My attitude wasn’t bad….my perspective just wasn’t right for thanksgiving.

We often confuse these two things: attitude and perspective.

Attitude:
A settled way of thinking or feeling, typically reflected in a person’s behavior. (dictionary.com)

Perspective:
A mental view or outlook. (ibid)

My attitude was mine to choose; I settled the way I would think about Bebe. I chose to believe that God was trustworthy, and if He took her to Heaven then I would accept that this was ultimately good, whether I ever understood it completely or not.

My perspective was:
UP CLOSE.

I had no choice about that part. I was right smack-dab in front of the little 24-inch casket that held her body. I was in the same room with the baby blankets she did not need, the clothes she would never wear, the toys she’d never cuddle. I was surrounded on all sides by my own body — the postpartum aches and pains, the hormonal surges, the sleeplessness. It was all so close I was going cross-eyed looking at it.

From that perspective, it is impossible to be thankful for the privilege of burying your child. 

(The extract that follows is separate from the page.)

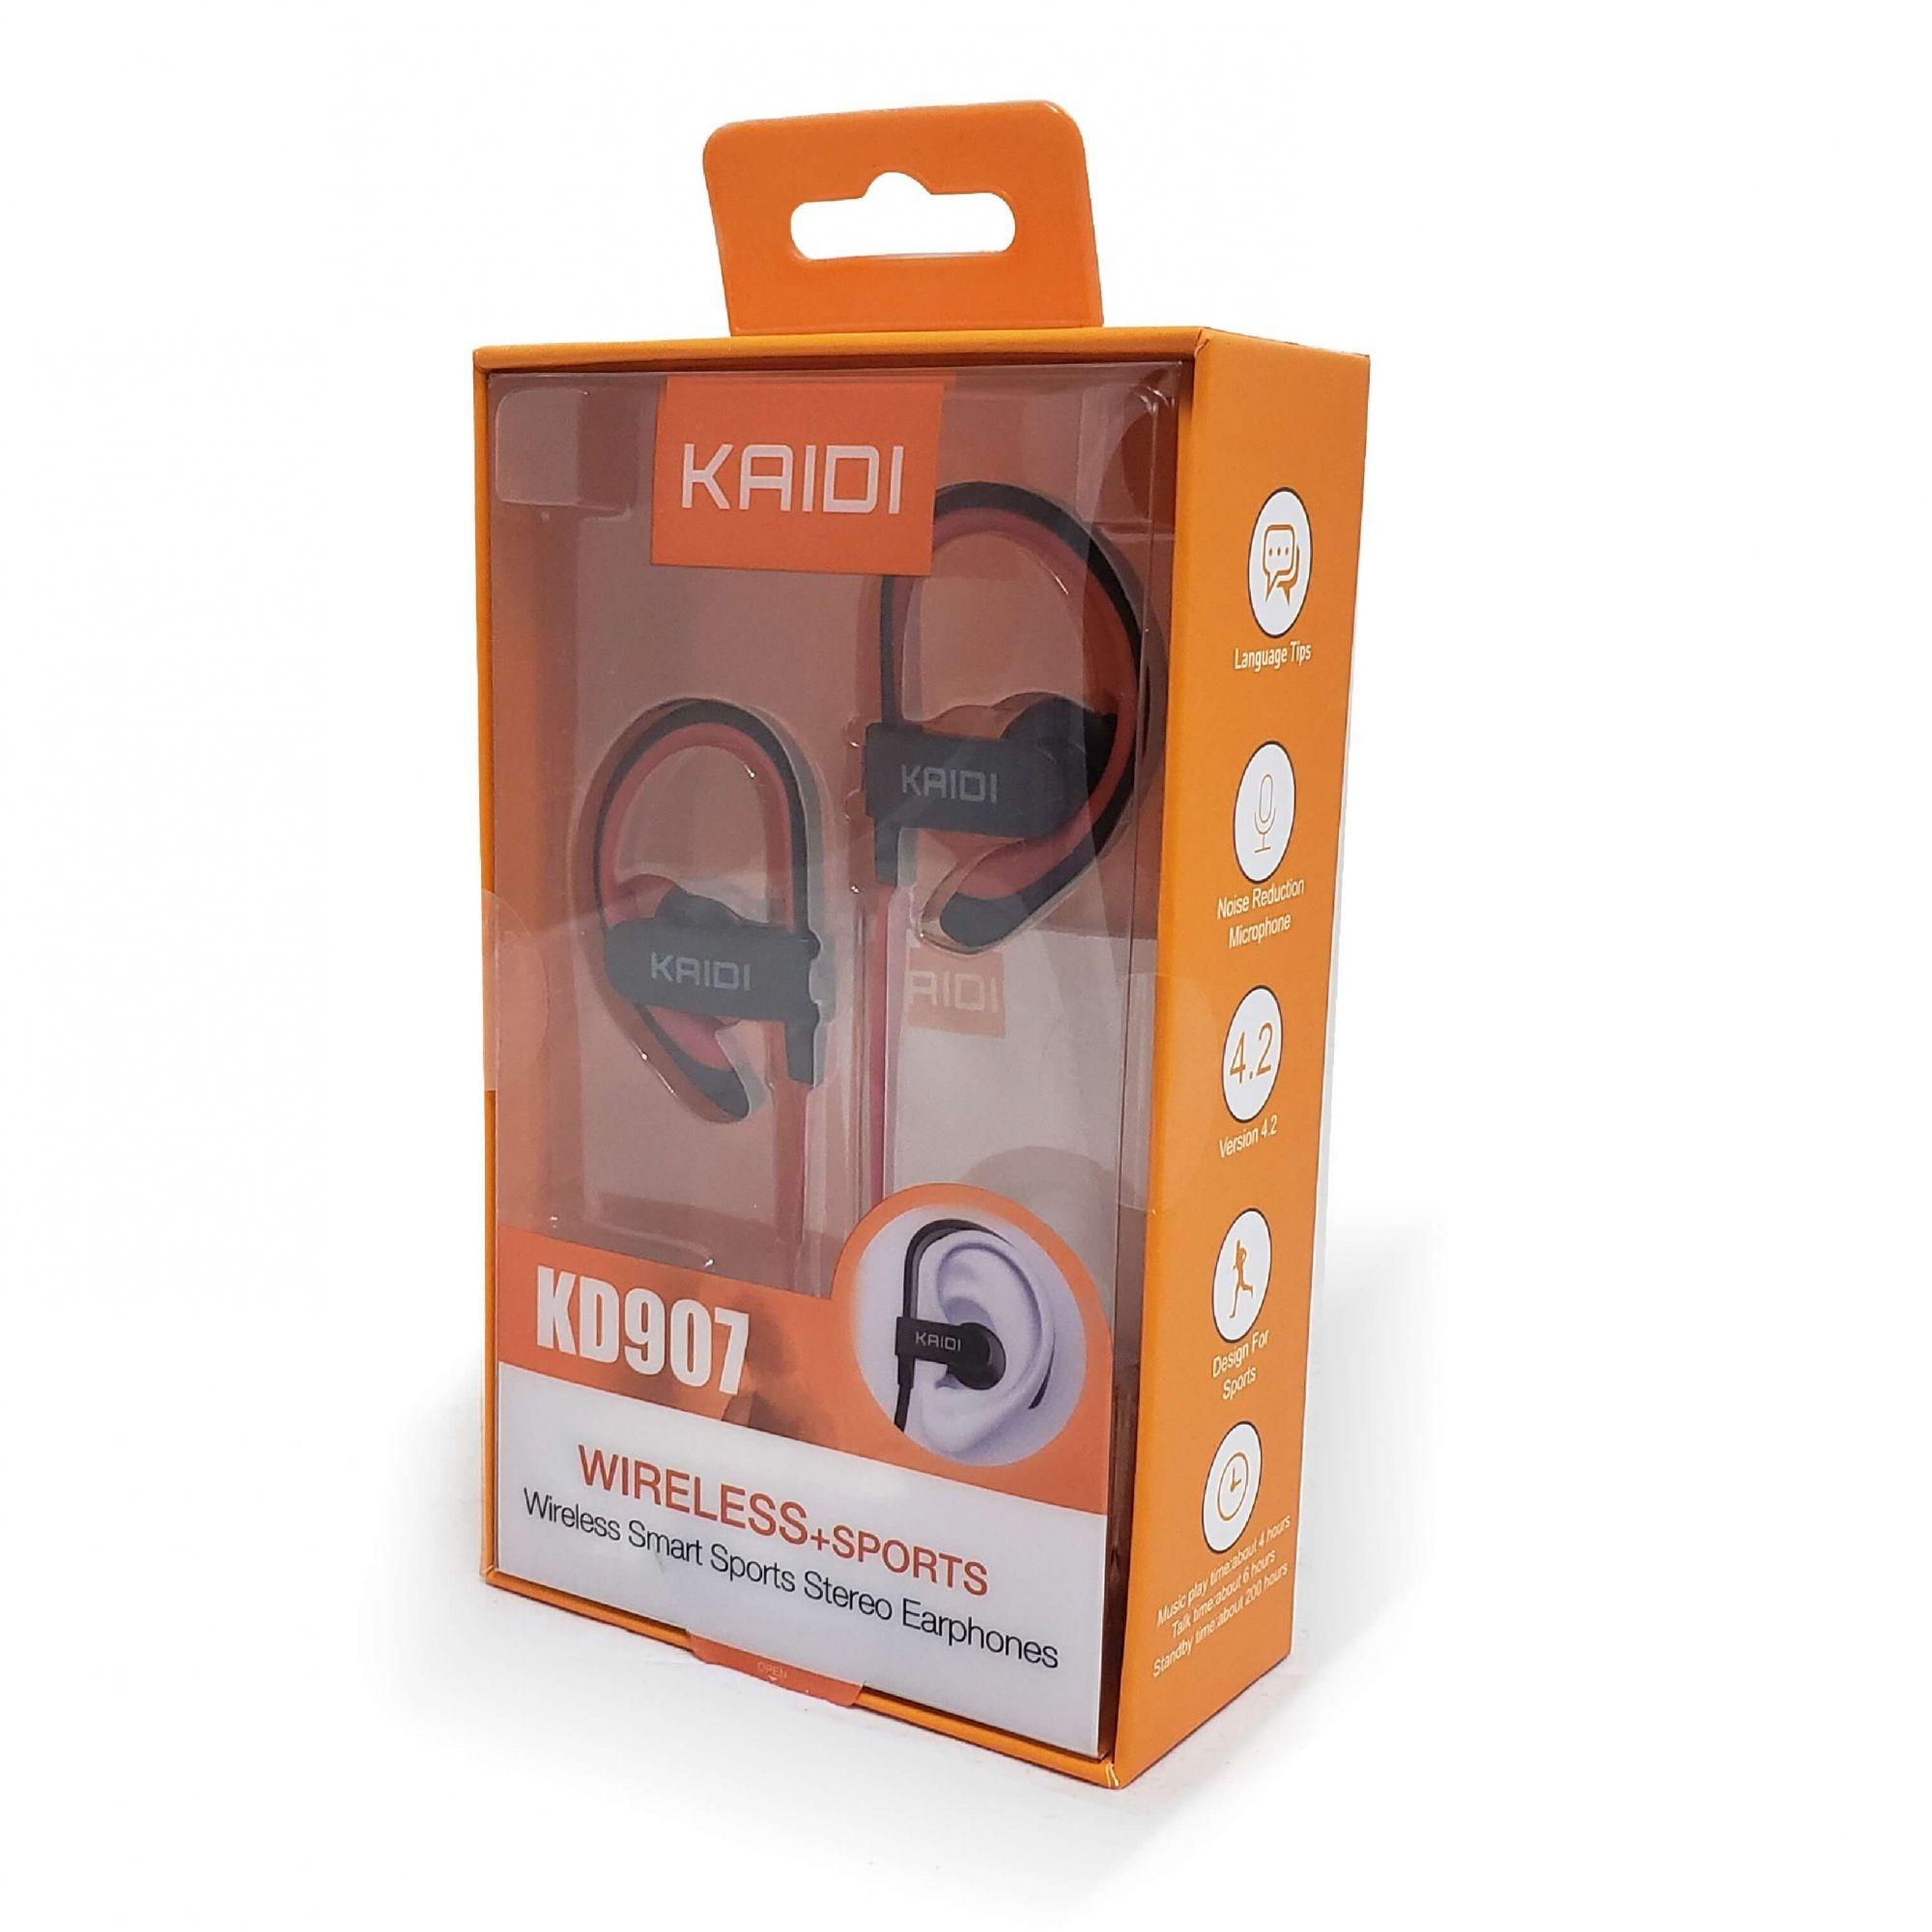 Fone Sem Fio Bluetooth Para Esportes e Corrida Kaidi KD 907

You can choose to give thanks to God for His comfort as you grieve, for His trustworthiness in caring for your baby….you can give thanks for SOMEthing from that perspective, but you can’t give thanks for THAT thing yet.

Just like my over-40 eyes find it impossible to decipher the dosage instructions on the bottle of Tylenol in my hand, my soul found it impossible to be thankful for Bebe’s death when it was right at the end of my nose.

Now my perspective is long-range.  Those same over-40 eyes have no problem reading road signs as I drive.  My soul finds it easy to give thanks for all that Bebe’s life and death meant to me and countless others who have crossed my path in special ways because of her.

Here are just a few reasons I am thankful to be a mother who has buried a child:

* I am quick to have compassion on those who are walking through an intensely personal grief.  Whether they are losing a child or walking some other private, no-one-really-understands-but-me road of suffering, I am quick to give them the benefit of the doubt, quick to pray for them, quick to challenge others to respect the private nature of their suffering.

* I am less tightly tethered to my living children than I would have been had Bebe never died.  Yup.  While some mothers CHOOSE to cling more tightly to the others when one child passes away, I CHOSE (attitude) to instead study and learn the truth before me, that no matter how hard I try I cannot guarantee the safety or success of anyone….even if I gave birth to them.  That choice was made not once but many times, and in the early years my perspective was still too near-sighted to see that this would pay off over the long haul; I kept choosing by faith.  But now my perspective allows me to see that facing the ultimate threat to my child (life or death) and losing did not destroy me, and it did not destroy her, either.  I can believe the same for my living children when they encounter really hard stuff.  I don’t have to convince myself that it will ultimately be good no matter what; I have already lived it and seen it to be true.

* I am less bound by time and space than I was before Bebe’s death.  While I know that God is eternal and omnipresent, He always seemed remote.  After I said goodbye to my daughter, I had a strong motivator for digging into these qualities of God and seeking to understand them better.  Missing her made me realize how much I missed Him….because I didn’t really understand His presence with me even as He is seated high above all things of earth.  Realizing how much I missed Him brought me into a deeper hunger for His presence, a hunger He was quite happy to satisfy.

Take stock over a quiet cup of coffee.  What can you say you are now truly thankful for because your changed perspective (over time) has made it possible?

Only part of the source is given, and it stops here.